**TASK:**
This exercise calls for an exact copy of the listing, with no pictures kept.

**DATA PROVIDED:**
================================

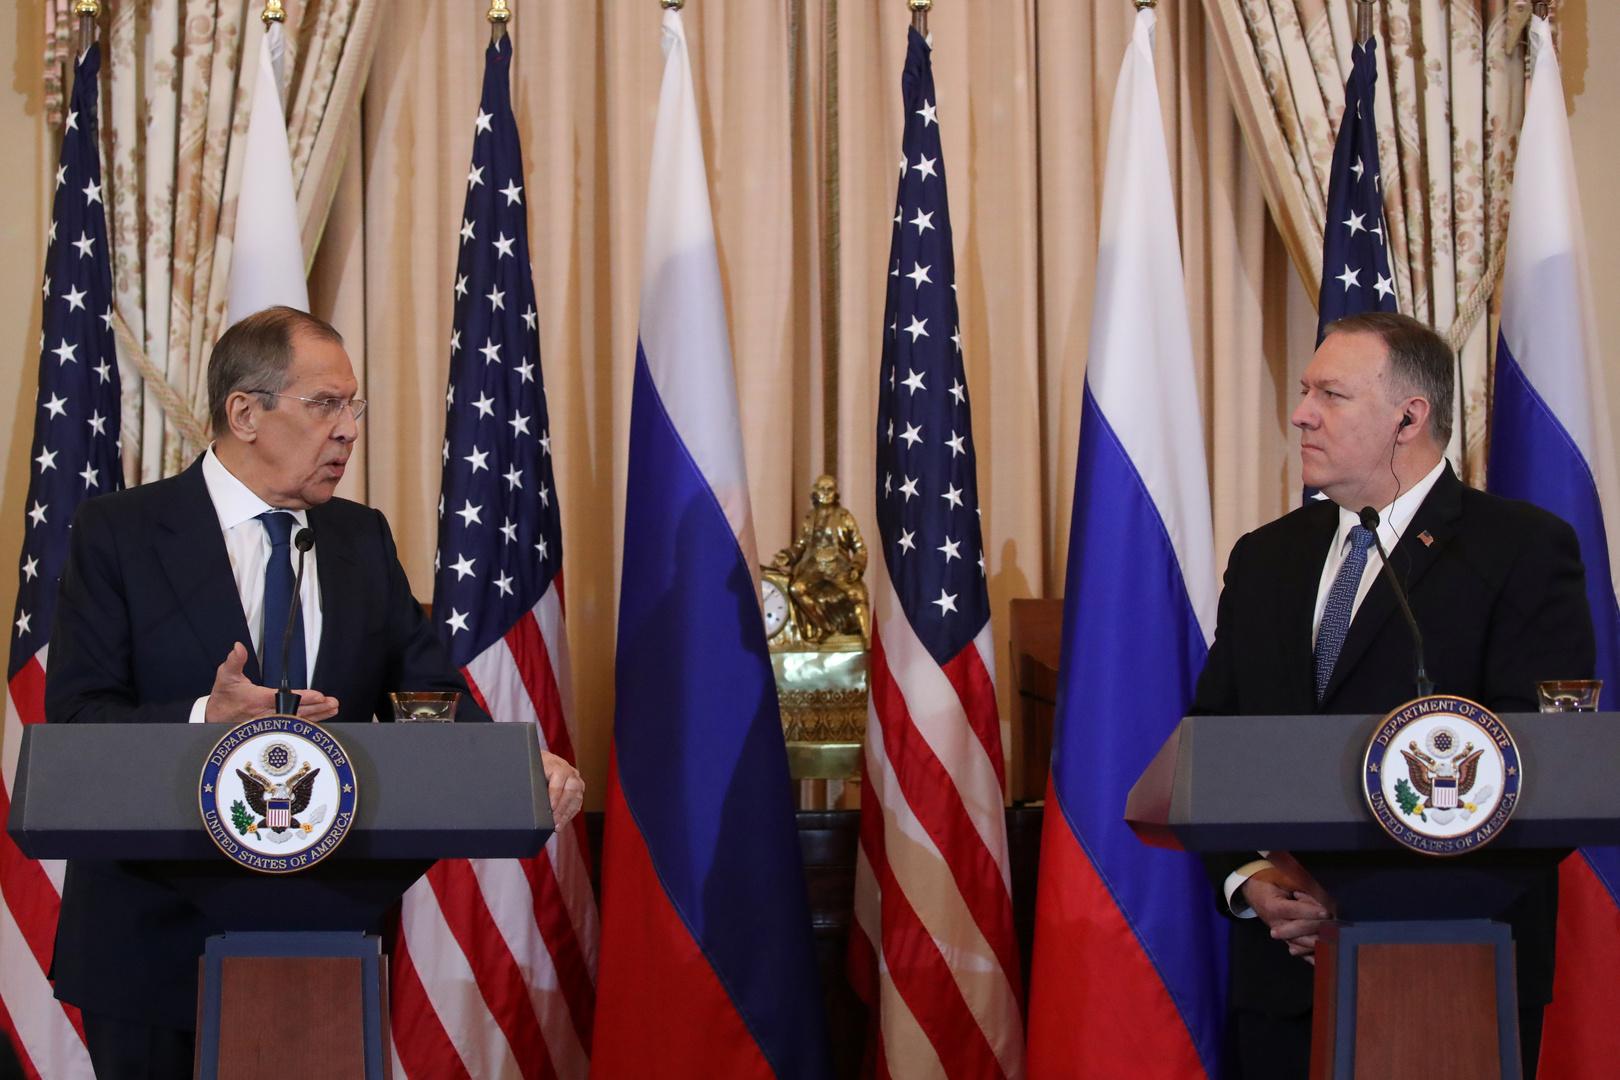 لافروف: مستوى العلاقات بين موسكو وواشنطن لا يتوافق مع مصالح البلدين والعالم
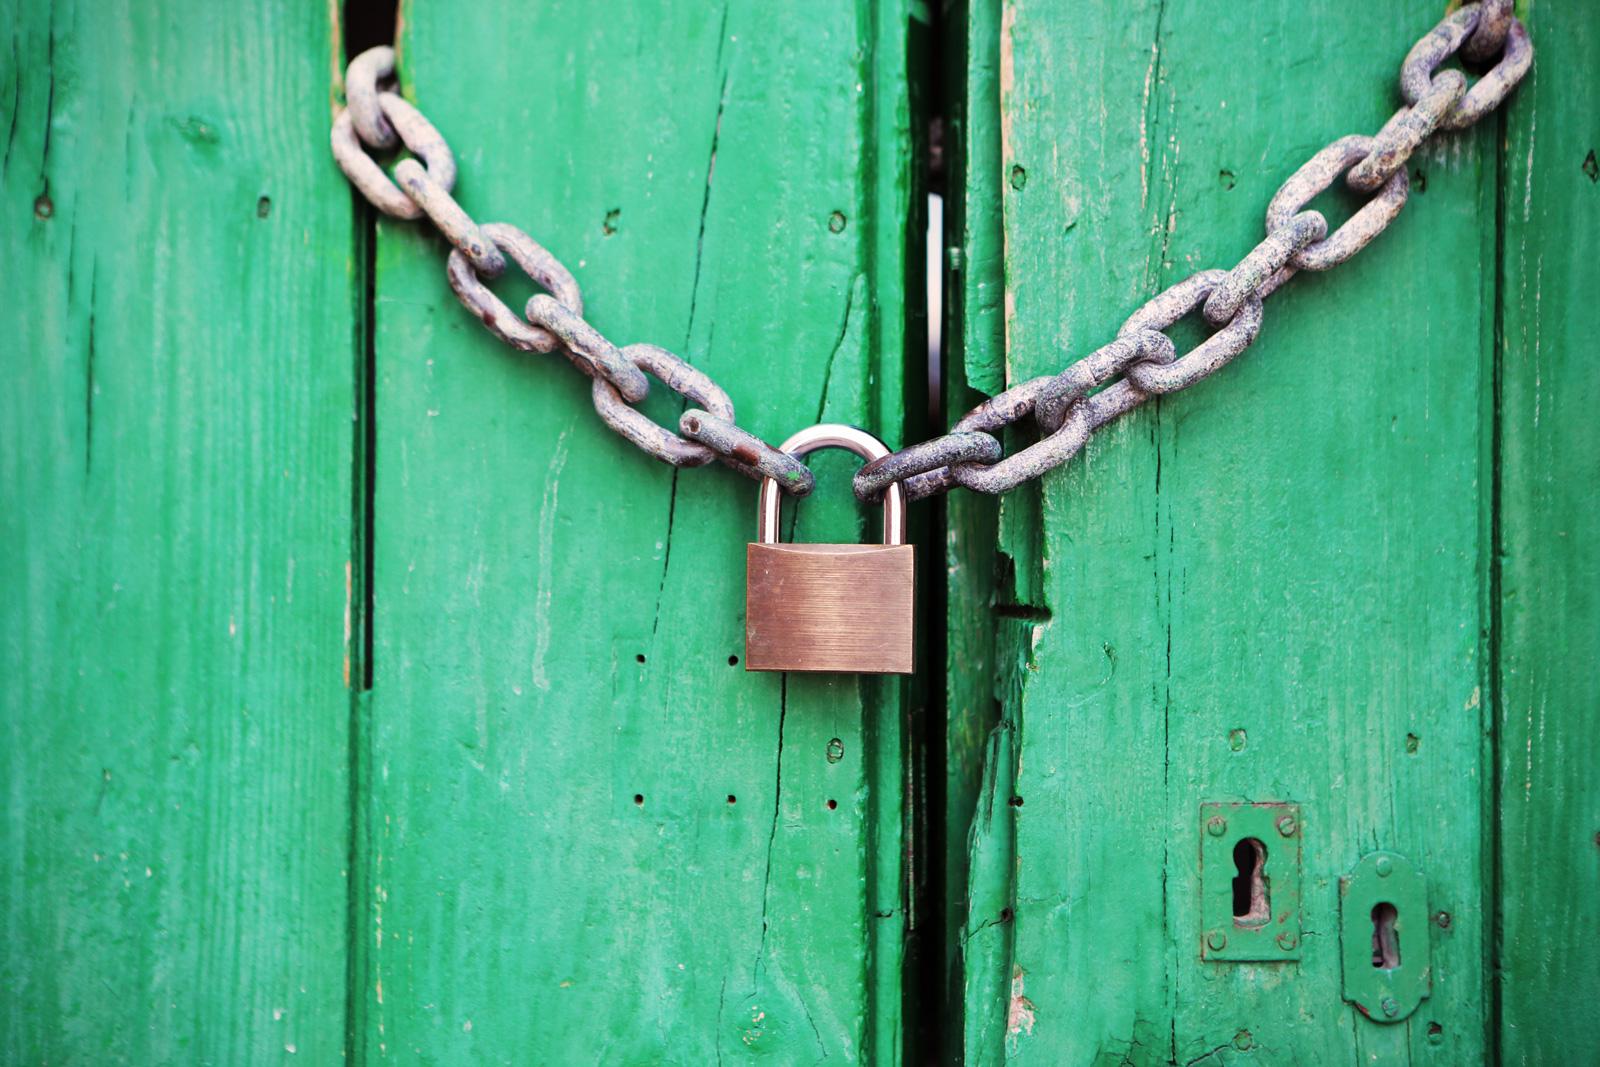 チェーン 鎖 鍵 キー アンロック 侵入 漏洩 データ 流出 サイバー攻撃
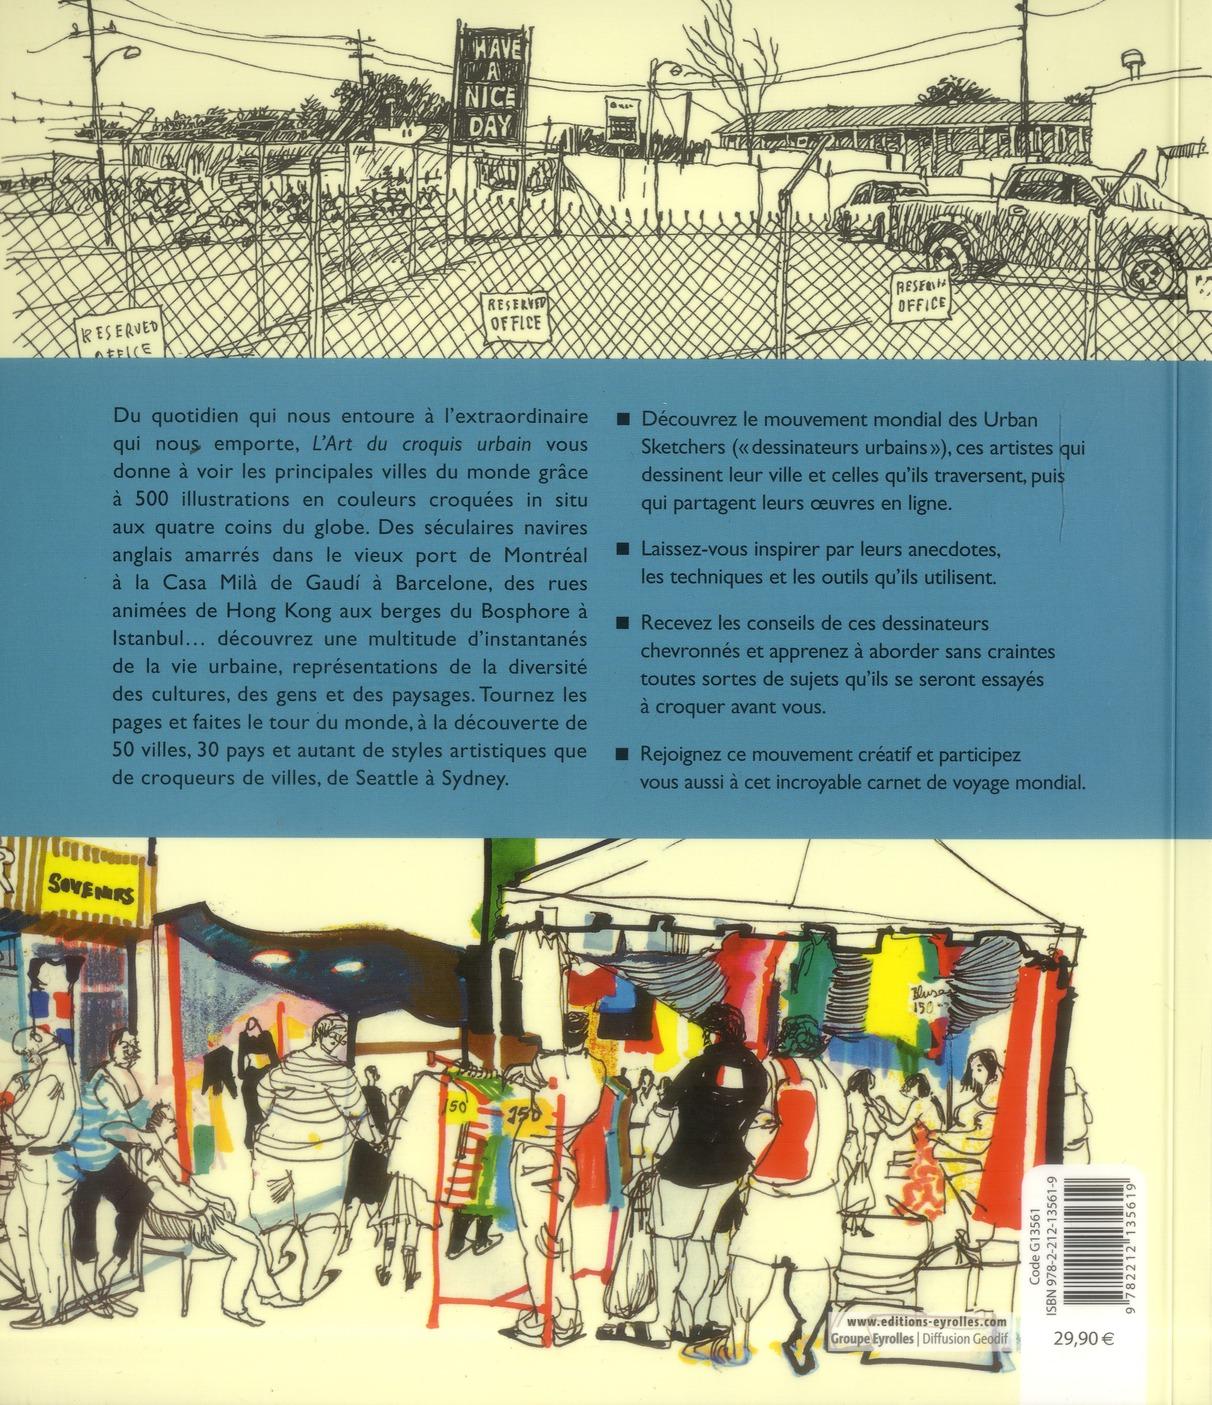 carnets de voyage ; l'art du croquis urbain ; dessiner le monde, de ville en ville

================================

**REPLY:**
 لافروف: مستوى العلاقات بين موسكو وواشنطن لا يتوافق مع مصالح البلدين والعالم
 チェーン 鎖 鍵 キー アンロック 侵入 漏洩 データ 流出 サイバー攻撃
 carnets de voyage ; l'art du croquis urbain ; dessiner le monde, de ville en ville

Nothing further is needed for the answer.